Мужик вытащил колеса, легко их подхватил (сразу четыре) и донес до машины. Там мы сообразили, как их затолкать в багажник. И я уехал.

Денег на бензин почти не осталось. Плюнул в бензобак пять литров. Хватит до вечера протянуть. Японки вообще не прожорливы, исключая джипы, конечно.

Приехал домой. Позвонил жене.

— Я очень плохо стал выглядеть?

— А что такое?

— Да мужик на базаре просек сразу. В тоску вогнал. Если уж на улице заметно, то что ж тогда…

— Плюнь. Ты просто лицо такое сделал. У тебя бывает. А так все нормально. Я же вижу тебя каждый день…

— Спасибо тебе, — почти прошептал я.

Нет… Не обманешь никого. Труп в пальто виден сразу. Как тяжело, Господи… Но я разозлился. Сначала чуть было не расплакался, потом разозлился.

Я выживу. Да, калекой полуубитым, но выживу. Буду идти по всем ступеням этой муки, буду терпеть. Терпеть меня научили уже. В терпении главное — ничего не терпеть. Не стискивать зубы, не замыкаться, не прятаться. Долго не выдержишь — неделю-две. Может быть, месяц. Но лучше открыться. Жаловаться, плакать, выть от боли и страха. Двигаться как-то. Обязательно писать.

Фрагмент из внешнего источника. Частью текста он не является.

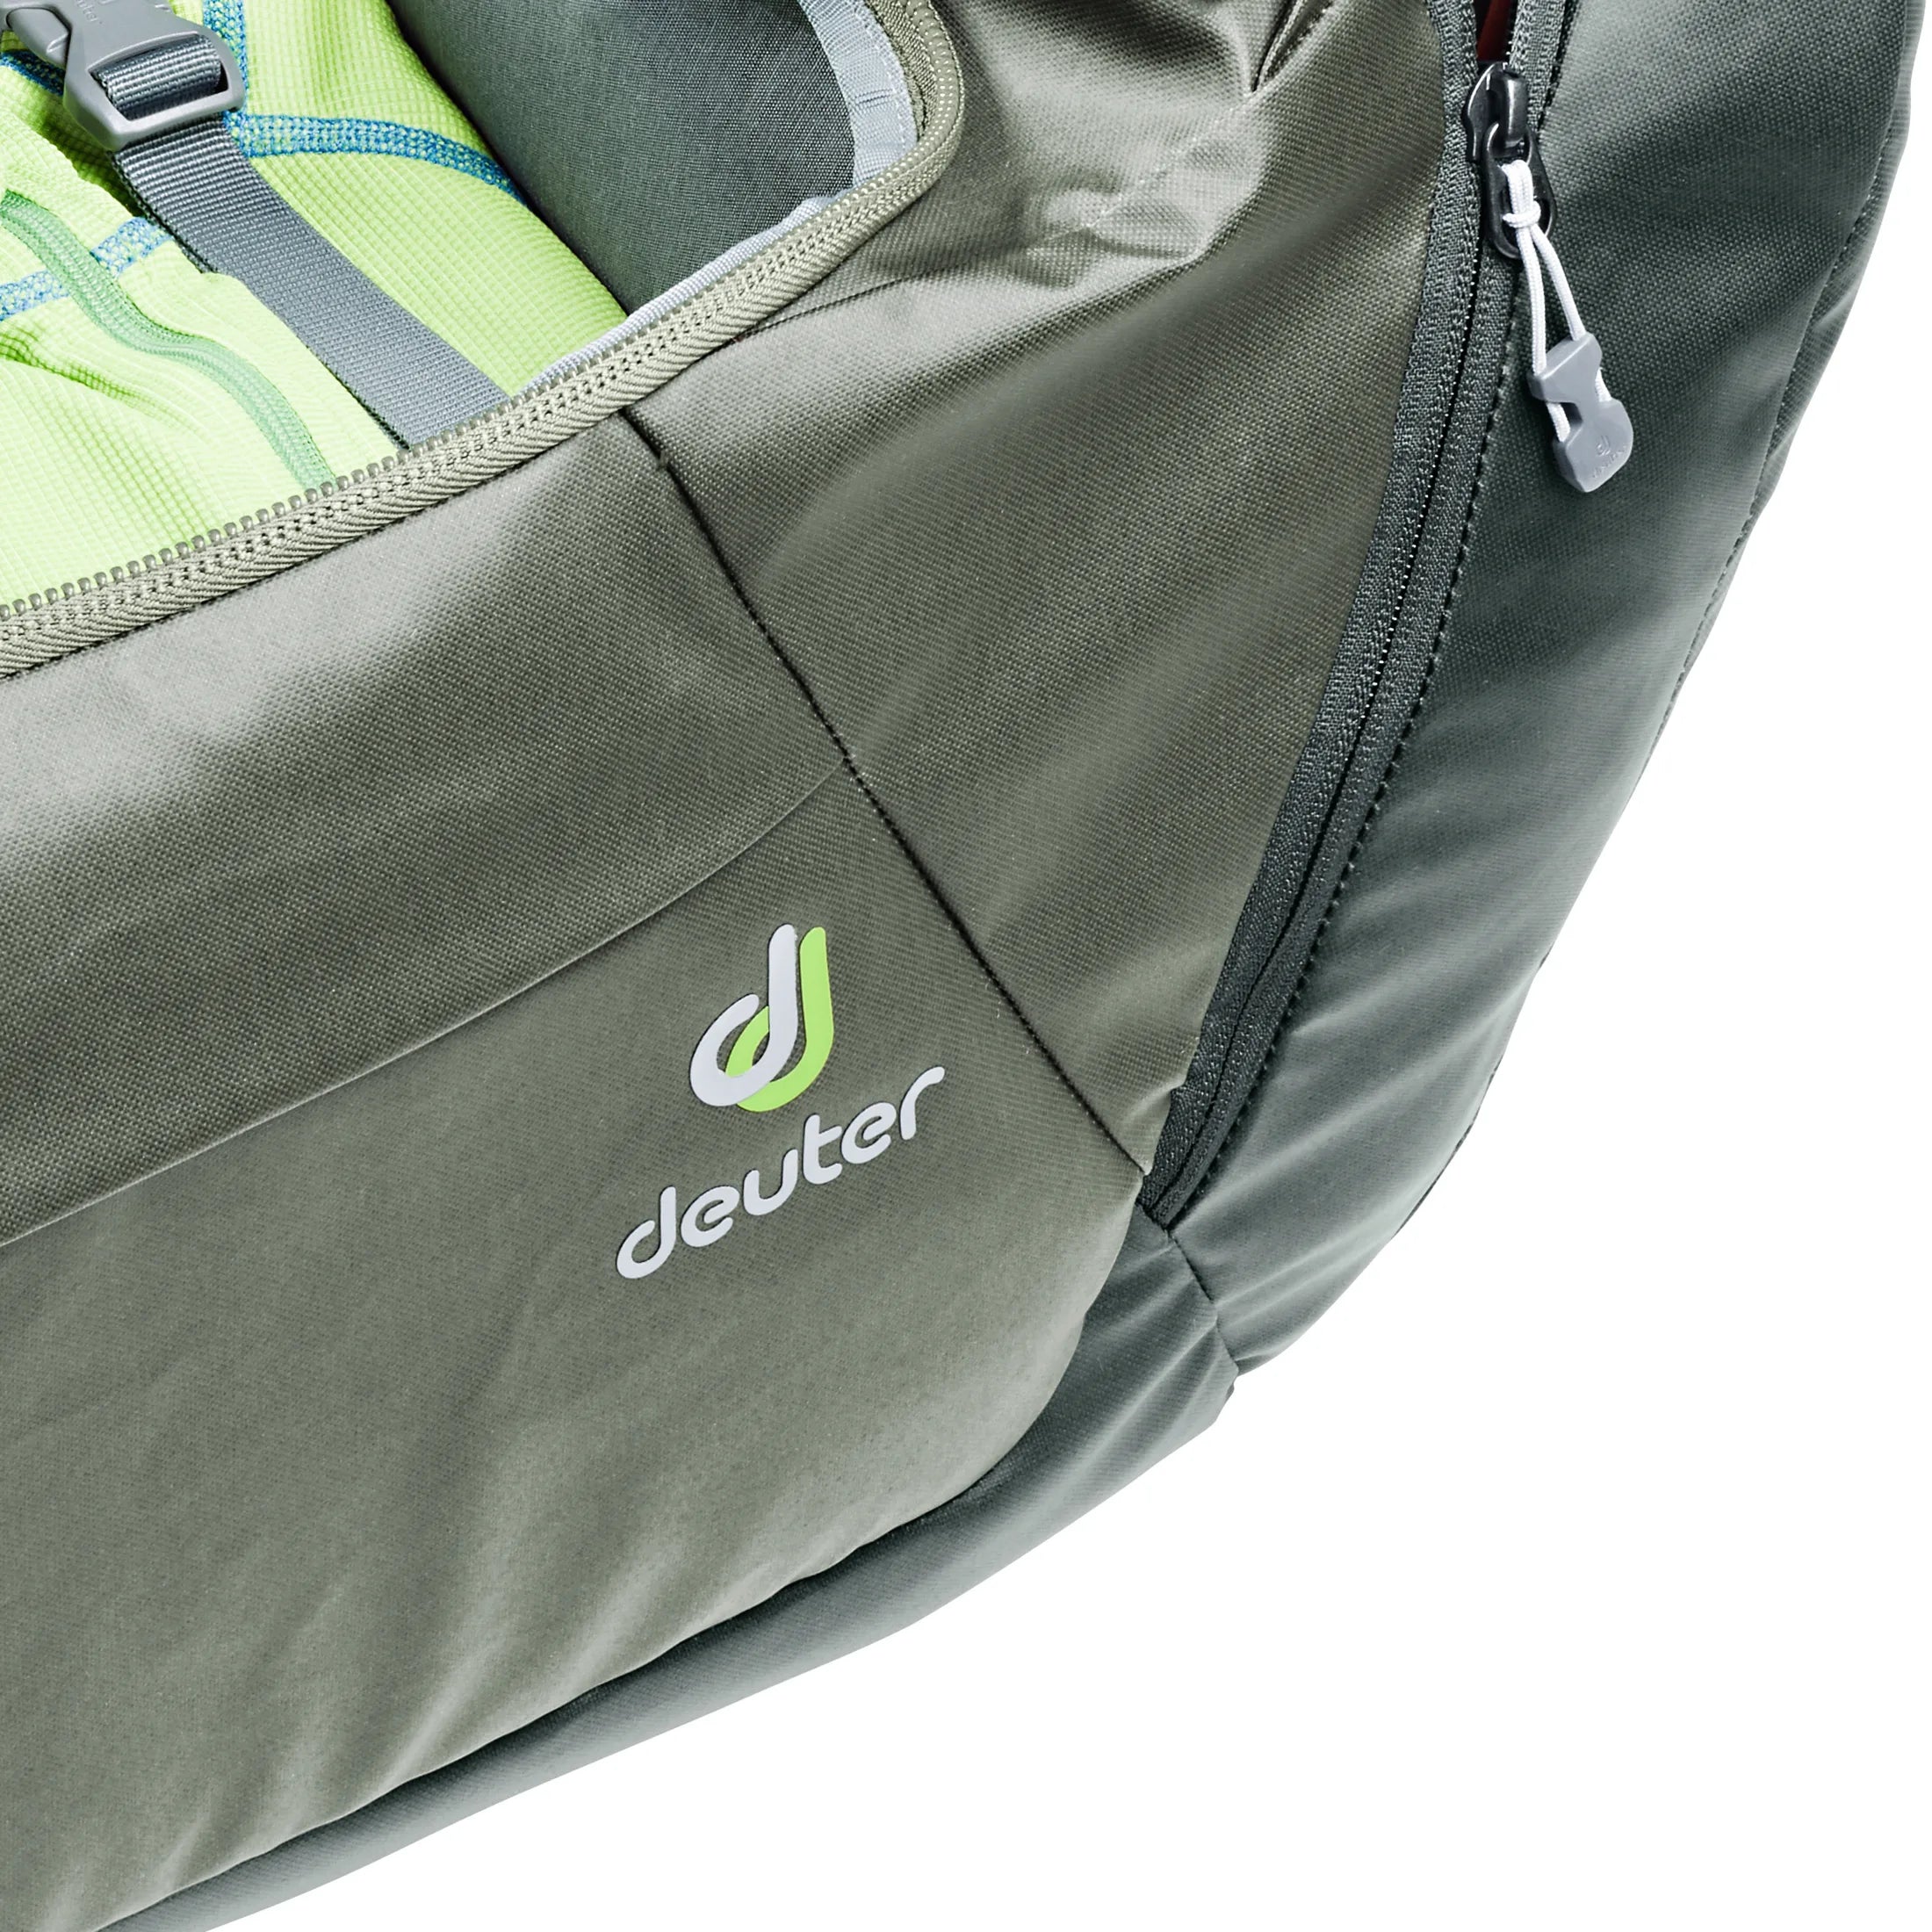 Deuter Travel Aviant Duffle Pro 40 sac de voyage 52 cm - maïs-curcuma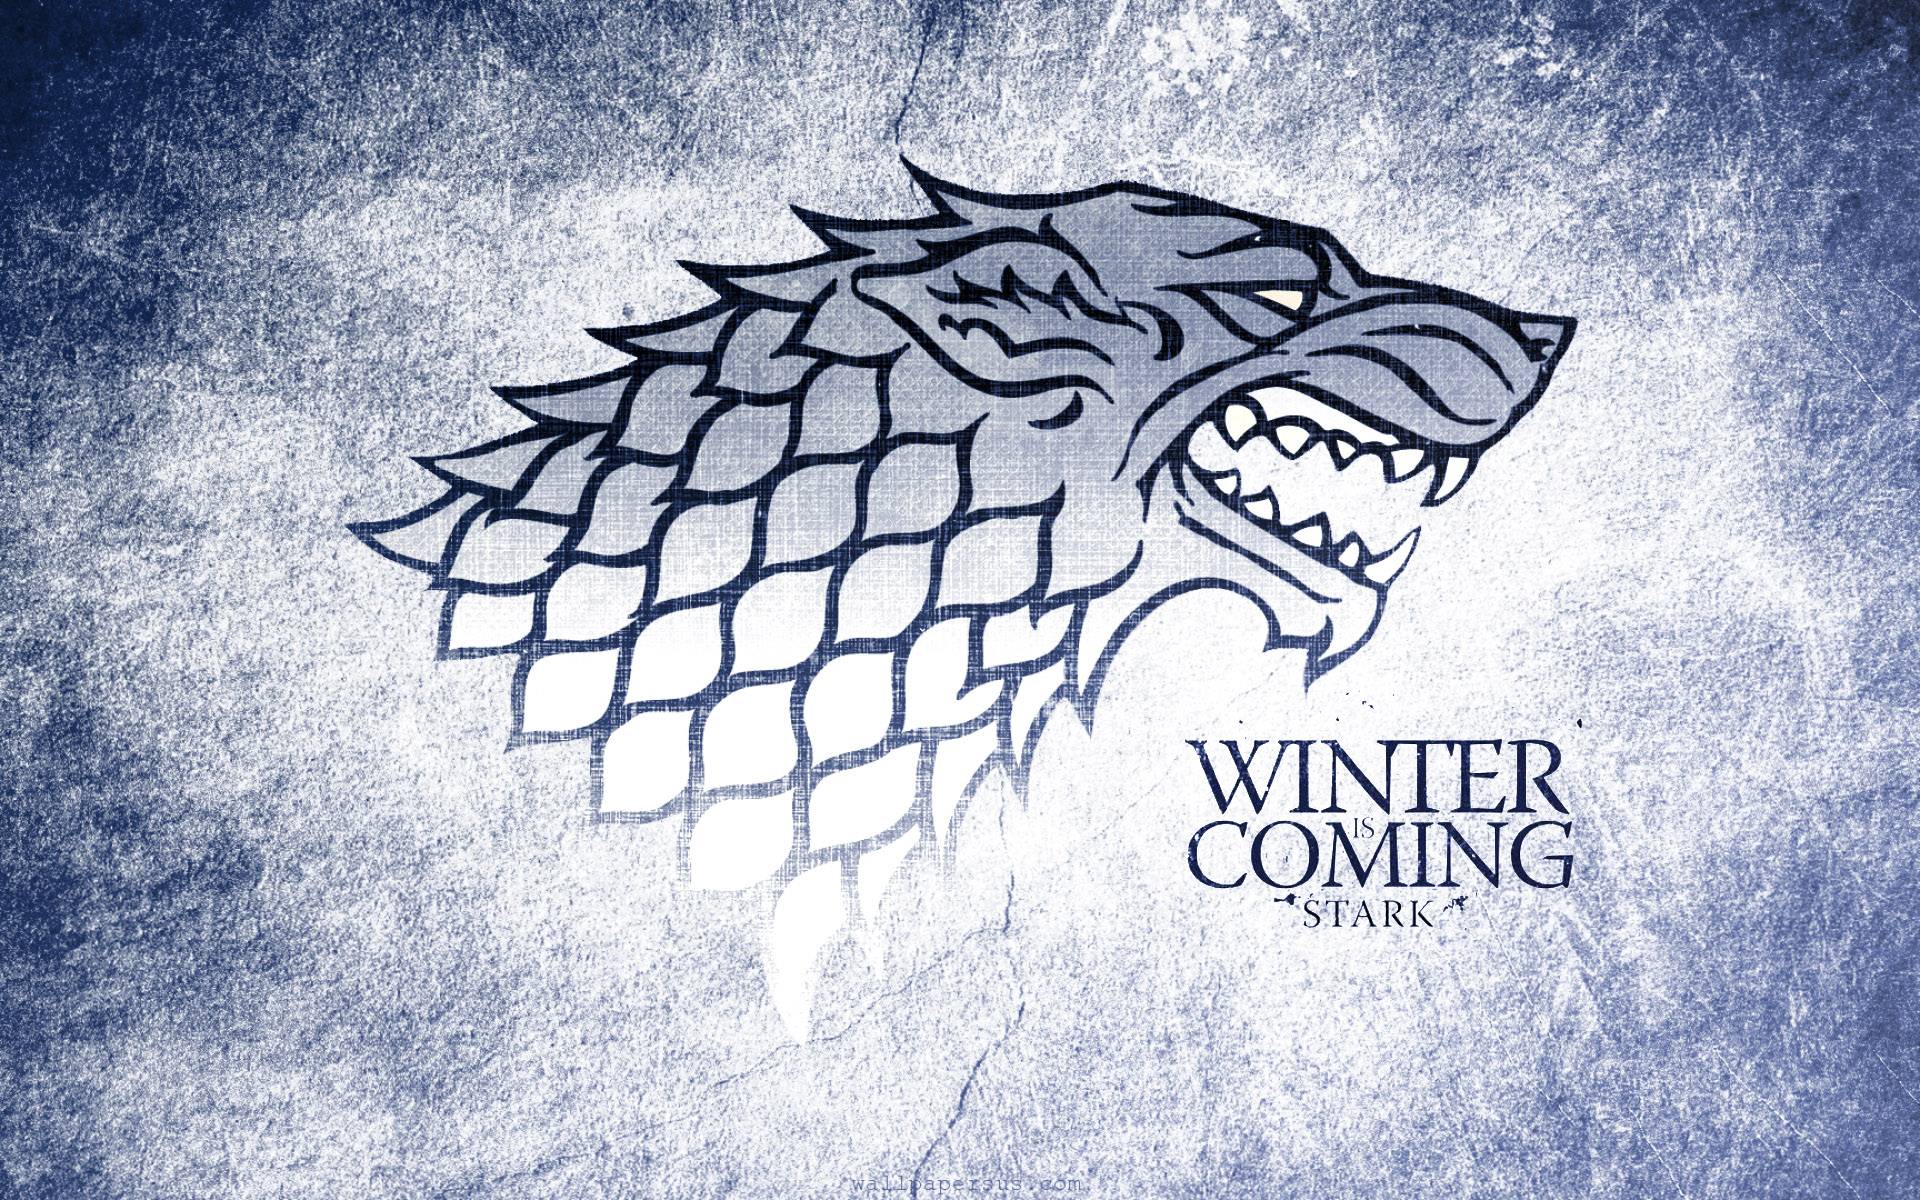 Winter Is Coming, Stark Wolf Grunge Logo 1920x1200 WIDE Image TV

Я и буду это делать, понимая, что это уже не литература, а записки, которые писали потерпевшие кораблекрушение. Засовывали в бутылку, которую, может быть, опустошили накануне вечером. До урагана или до посадки тела корабля на клыки рифа. Запечатывали и бросали в море. Почта такая. Почта отчаяния.

Скорее всего, метастазы прижмут химией. Может быть, на год еще. Но я уже и так хуею от нее конкретно. А год такой витаминотерапии сделает из меня урода. Может быть (скорее всего), не выдержит почка. Тогда кирдык. Гемодиализ. Гемодиализ не позволит назначать курсы химии. Окажусь в больнице. Но и там буду писать что-нибудь. Куплю бэушный ноутбук и буду шлепать по клаве дурь какую-нибудь. Назло всему. Это будет единственной дорбогой человеческой. А жена будет вешать эти опусы на сайтах. Как инструкции, блин. Страшнее всего, когда почечная недостаточность и эта клешнятая дрянь объединятся и полностью отшибут мозги.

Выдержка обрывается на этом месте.